ストライク<6196>は21日、東京都内で第19回 Conference of S venture Lab.を開いた。第1部のトークセッションでは「イノベーションのジレンマの乗り越え方」をテーマに、富士フイルムで第二創業となった化粧品事業の立ち上げを指揮した一般社団法人イノベーション アーキテクトの中村善貞代表理事が、大企業の社内起業を成功させるカギについて解説。事業創造アクセラレーターのゼロワンブースターを創業した鈴木規文会長がモデレーターを務め、議論を盛り上げた。

フィルム全盛期から取り組んでいた新事業の「芽」

富士フイルムでは写真フィルム需要が落ち込んだ際に、様々な新規事業が立ち上がった。中でも最も注目されたのが「トータルヘルスケアカンパニー構想」。その第一歩となったのが化粧品事業だった。

M&A Online

(画像=大企業による社内起業の深層を語るトークセッションに、会場は熱気に包まれた、「M&A Online」より引用)

全くの新規事業に乗り出したと言われる化粧品事業だが、フィルムの素材でもあるゼラチンを利用したもので、「非連続の連続だった」(中村代表理事)そうだ。実は「フィルム全盛期からやっていたものを加速した事業が多い」(同)という。追い詰められてから新規事業に乗り出すのではなく、余裕のあるうちに新しいことにつながる事業の芽を摘まずに残していくことが重要なのだ。

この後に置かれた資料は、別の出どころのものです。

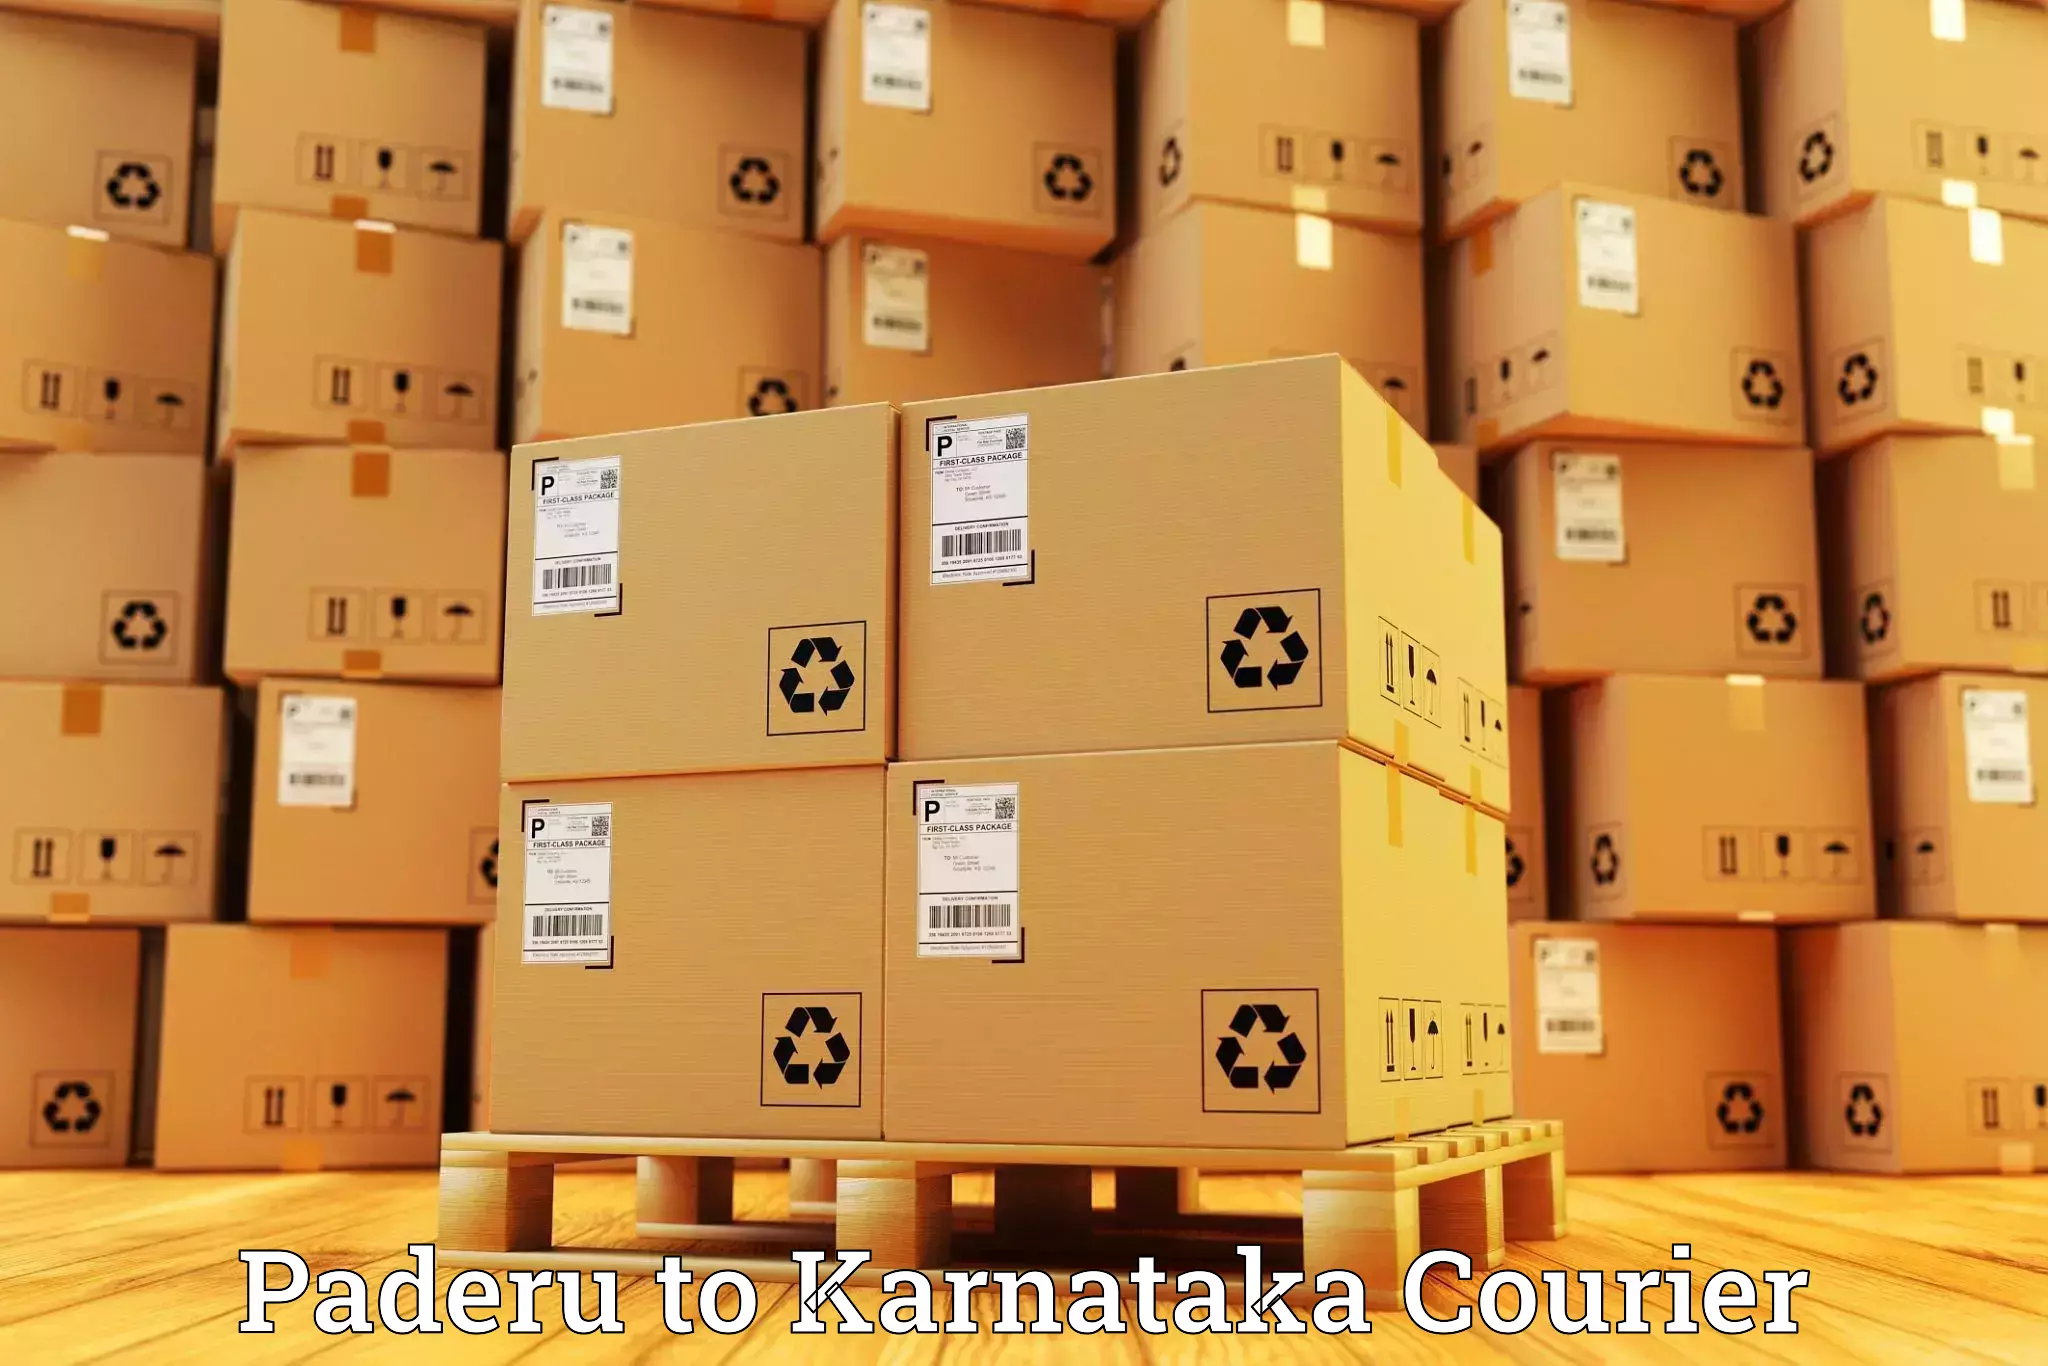 Courier service comparison in Paderu to Bangarapet

それでも巨大組織で新たな事業を立ち上げるのは容易ではない。モデレーターの鈴木会長は「四半期決算が導入された後に、日本でイノベーションを起こせる会社はほとんどなくなった。しかし、富士フイルムだけはガラッと事業ポートフォーリオを変えた」と指摘した。

鈴木会長は「富士フイルムのようなDisruptive Innovation(破壊的イノベーション)を起こすためには、組織ではアウトとされる逸脱行動が必要だ。これは偶然に起こったものではなく、富士フイルムの組織内で再現性がある出来事だったのではないか?」と質問。

これに対して中村代表理事は「(逸脱行為を恐れぬ)心理的にタフなイノベーターが必要なのは間違いない。フィルムが好調な時代には会社に余裕があり、イノベーターが変わったことをやっていても周囲からは全く気にされなかった」と答えた。そうしたイノベーターが化粧品ビジネスを育てたのだ。

とはいえ、全員が素人の集団で新事業を立ち上げるのは容易ではない。化粧品メーカーの関係者から情報を集め、コンサルタントからも意見を求めた。だが、中村代表理事は「社内の人間が事業について勉強する方が効率的だった」と振り返る。「最も重要なことは、お客さまが教えてくれた」(同)という。